→ Task brief
Starting from the line with "谅山青少年交流表演节目歌颂家乡和祖国。" and going up to and including the line with "Oasis 4/4 - lebendige, farbenfrohe", copy the listing below exactly. Leave all images out.

→ Records provided

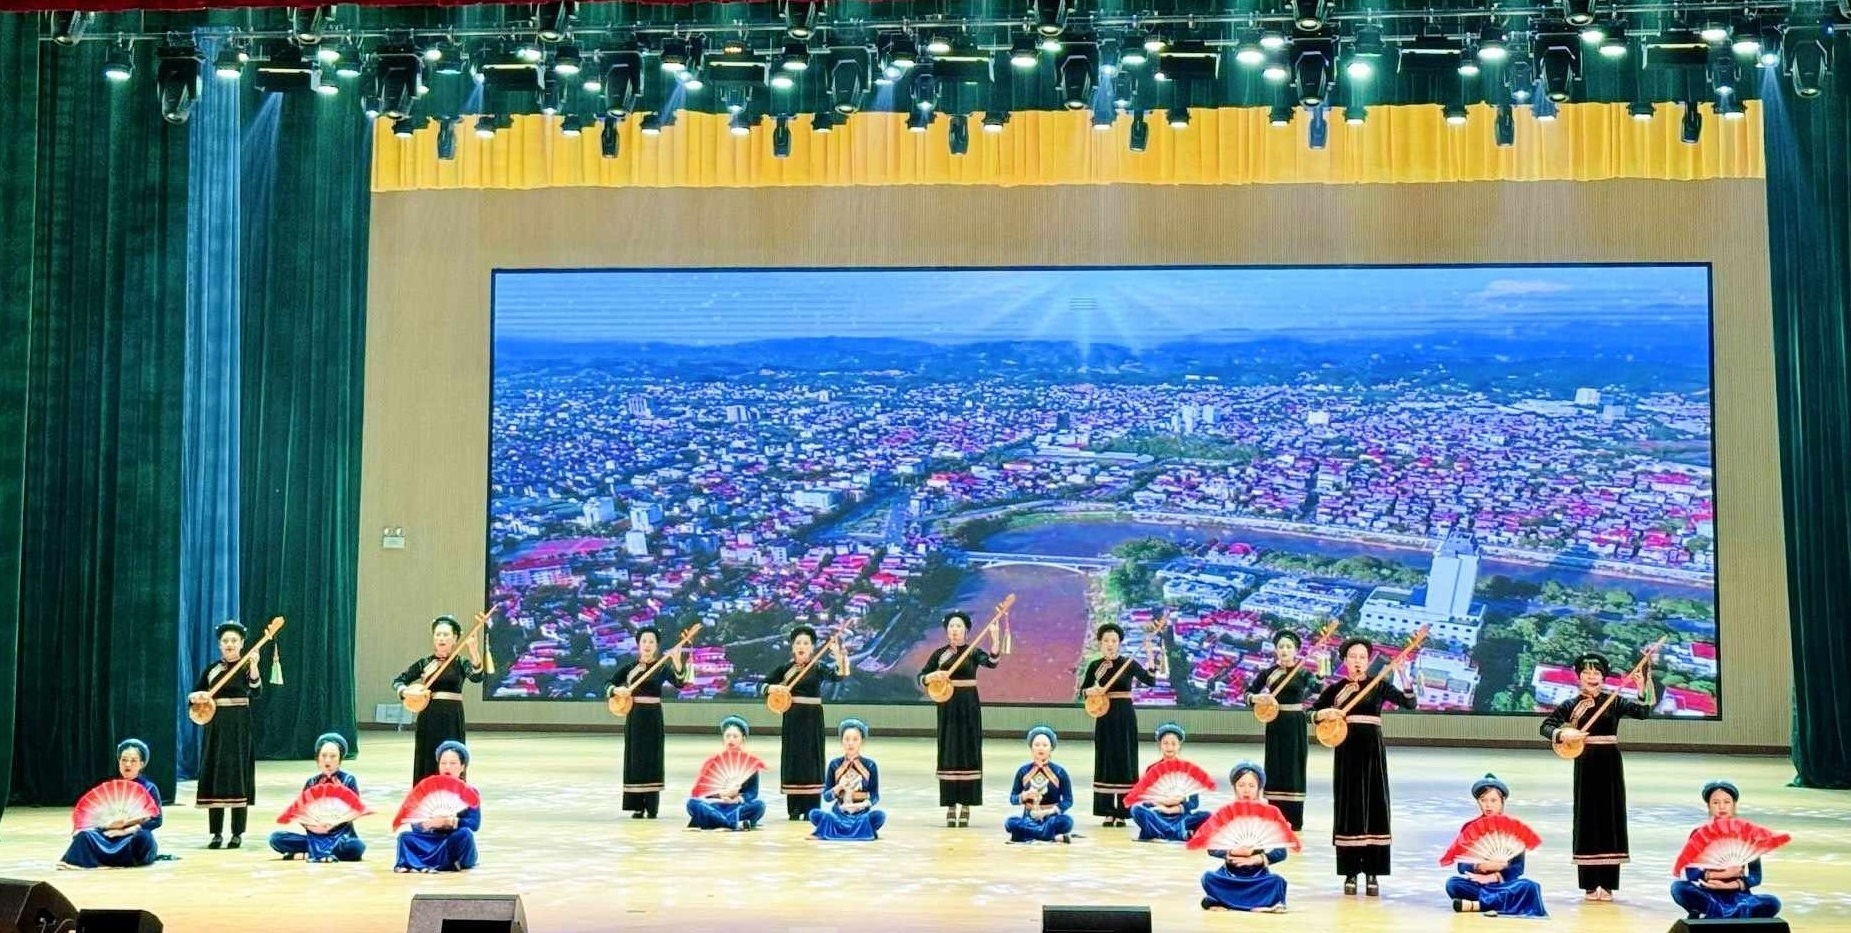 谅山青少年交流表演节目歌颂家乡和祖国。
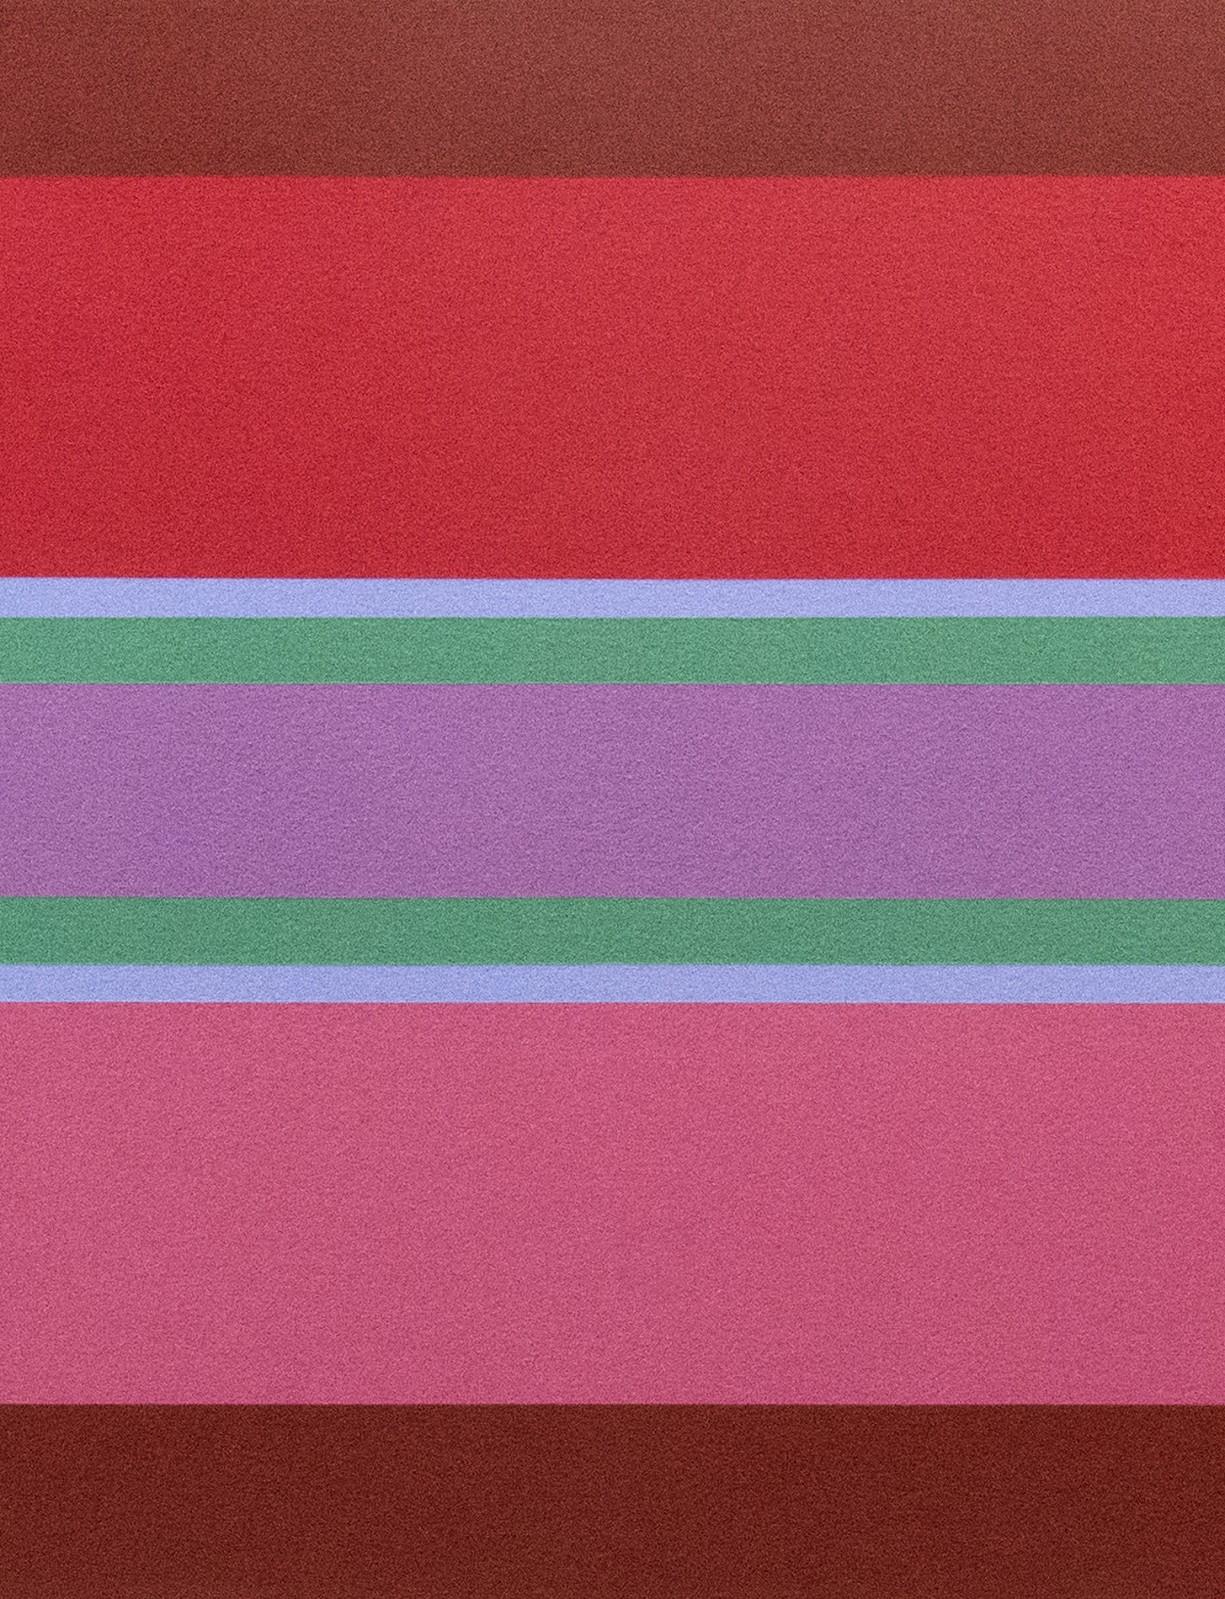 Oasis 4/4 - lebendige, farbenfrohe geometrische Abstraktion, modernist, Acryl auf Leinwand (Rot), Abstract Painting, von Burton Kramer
* * *
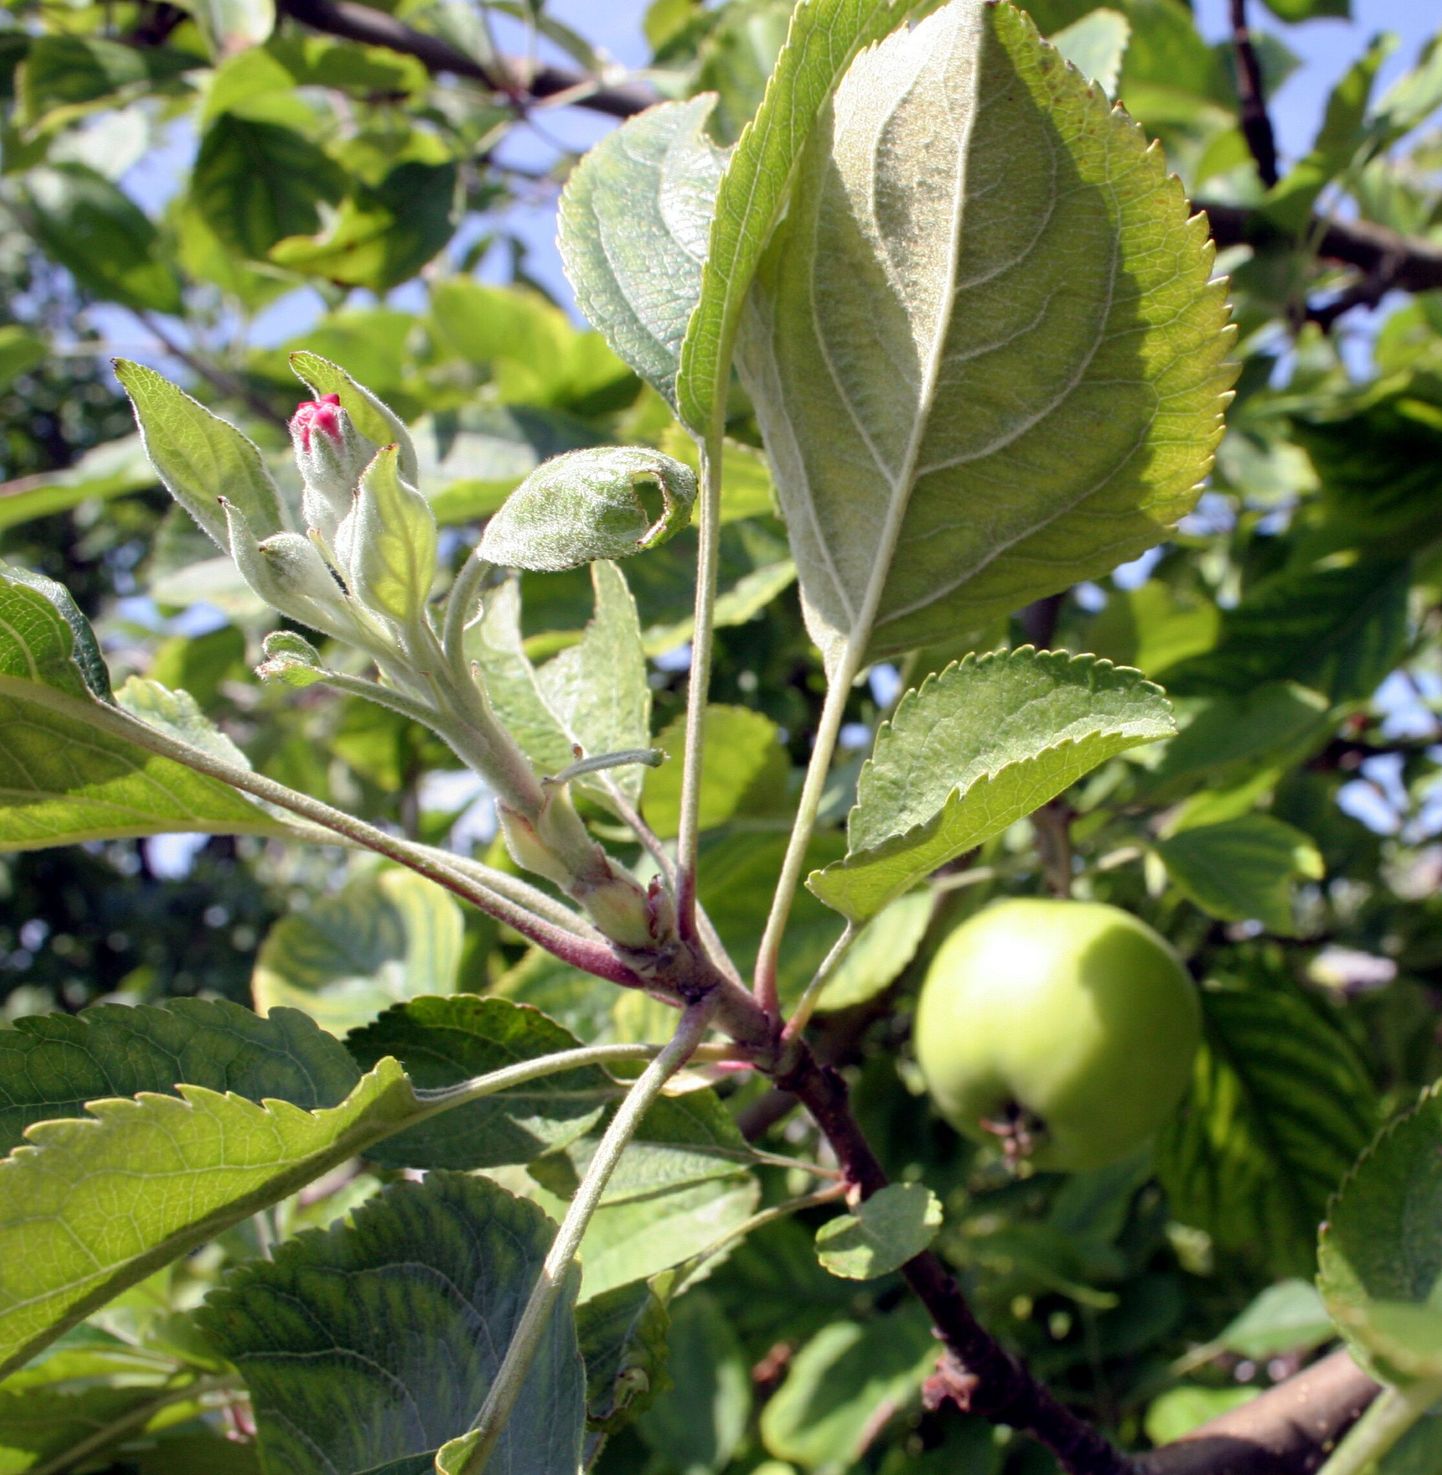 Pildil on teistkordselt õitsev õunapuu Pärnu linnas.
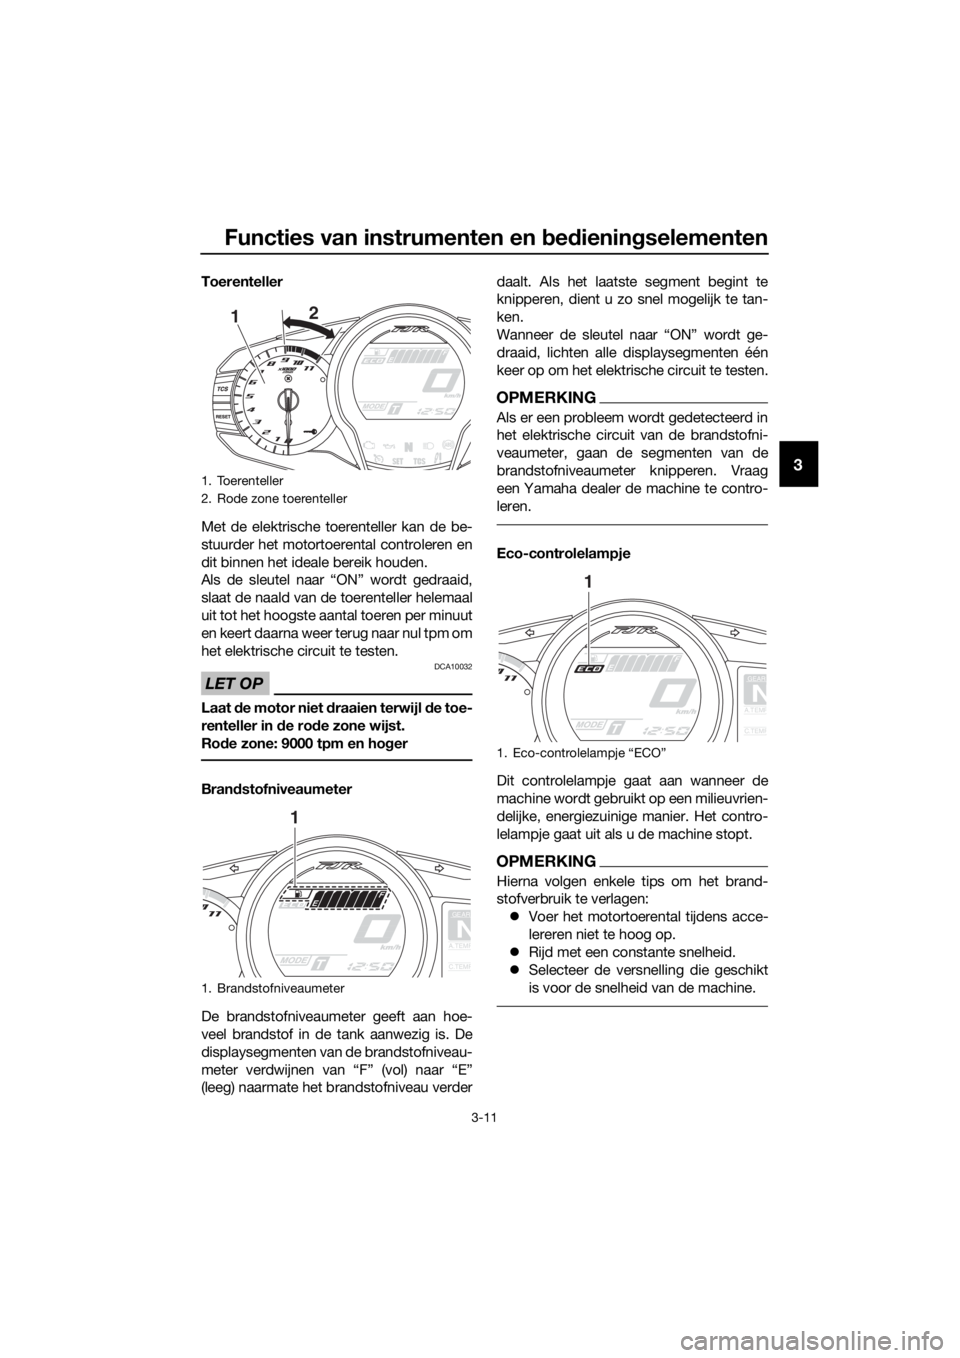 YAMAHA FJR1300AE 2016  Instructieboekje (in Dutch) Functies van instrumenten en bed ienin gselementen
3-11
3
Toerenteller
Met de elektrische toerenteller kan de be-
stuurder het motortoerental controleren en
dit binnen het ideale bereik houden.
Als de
---
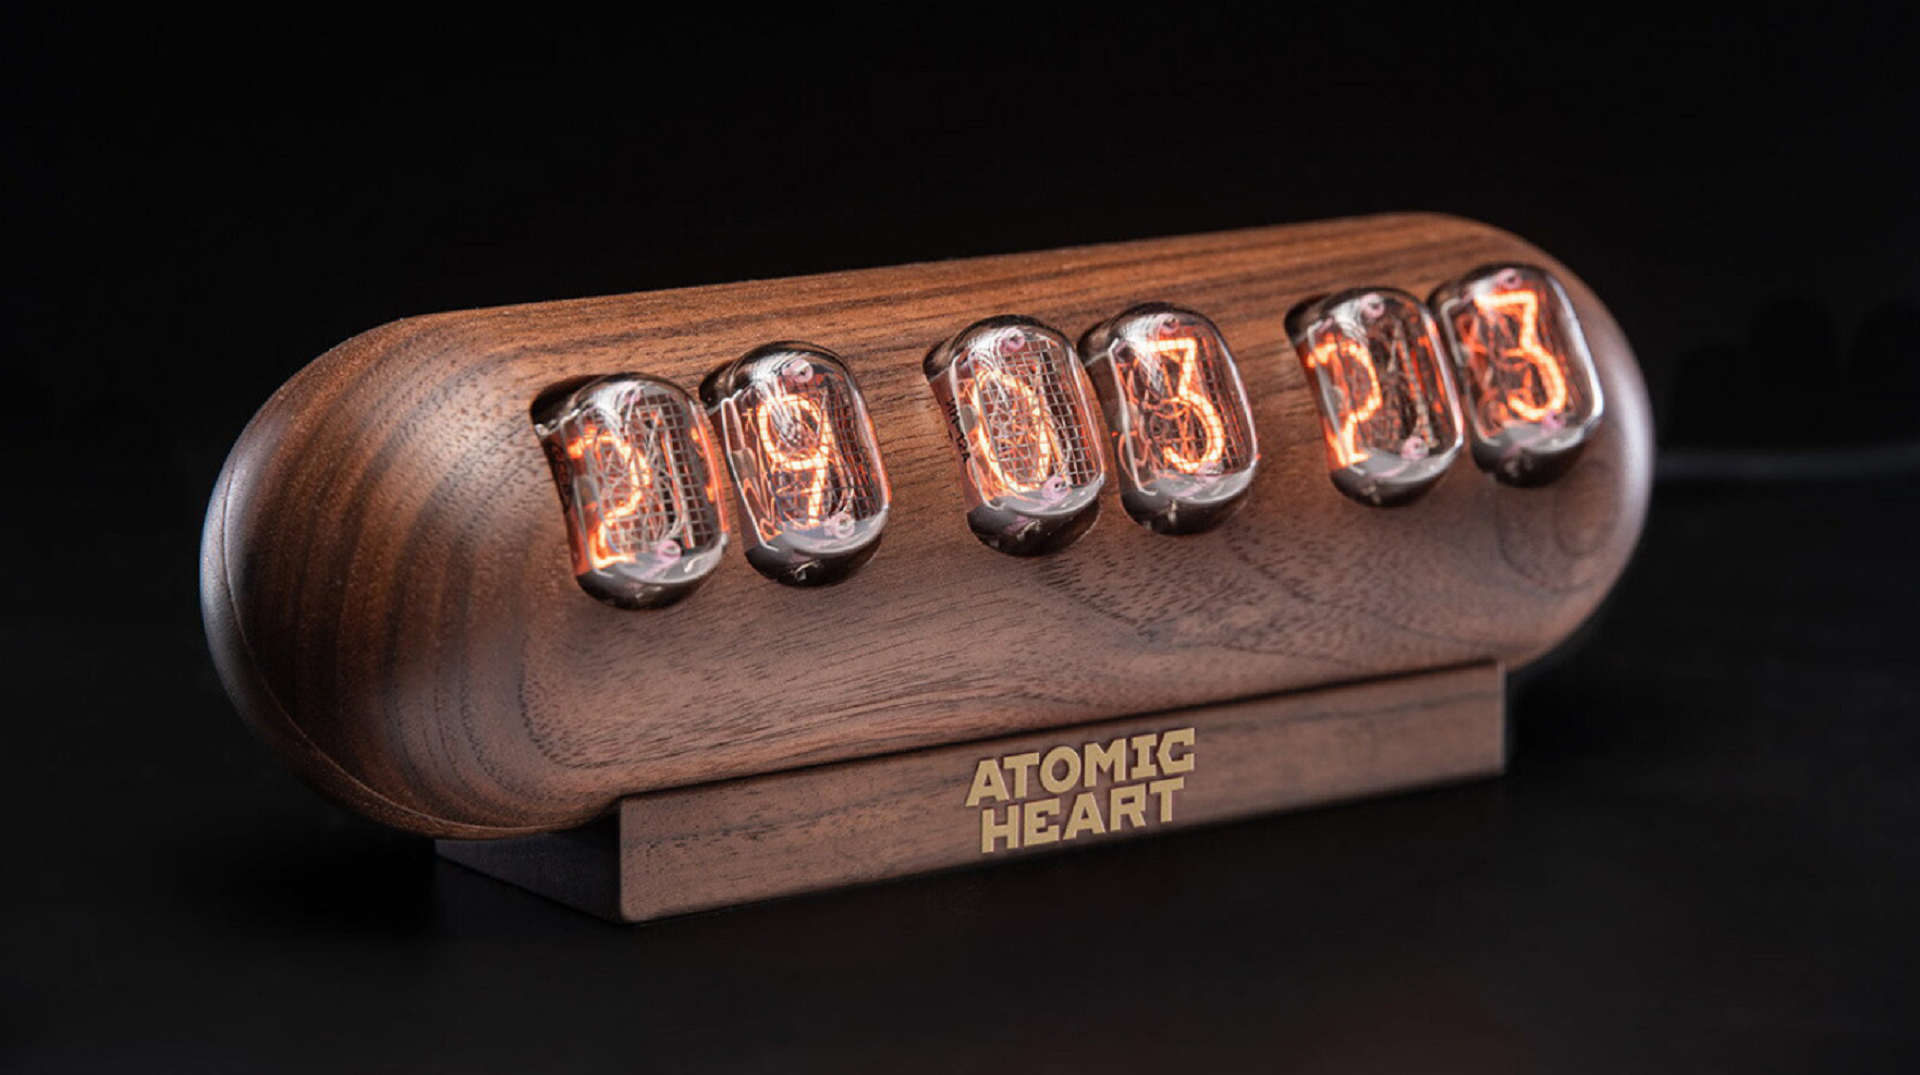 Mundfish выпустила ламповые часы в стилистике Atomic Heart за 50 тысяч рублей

→ The answer
 谅山青少年交流表演节目歌颂家乡和祖国。
 Oasis 4/4 - lebendige, farbenfrohe geometrische Abstraktion, modernist, Acryl auf Leinwand (Rot), Abstract Painting, von Burton Kramer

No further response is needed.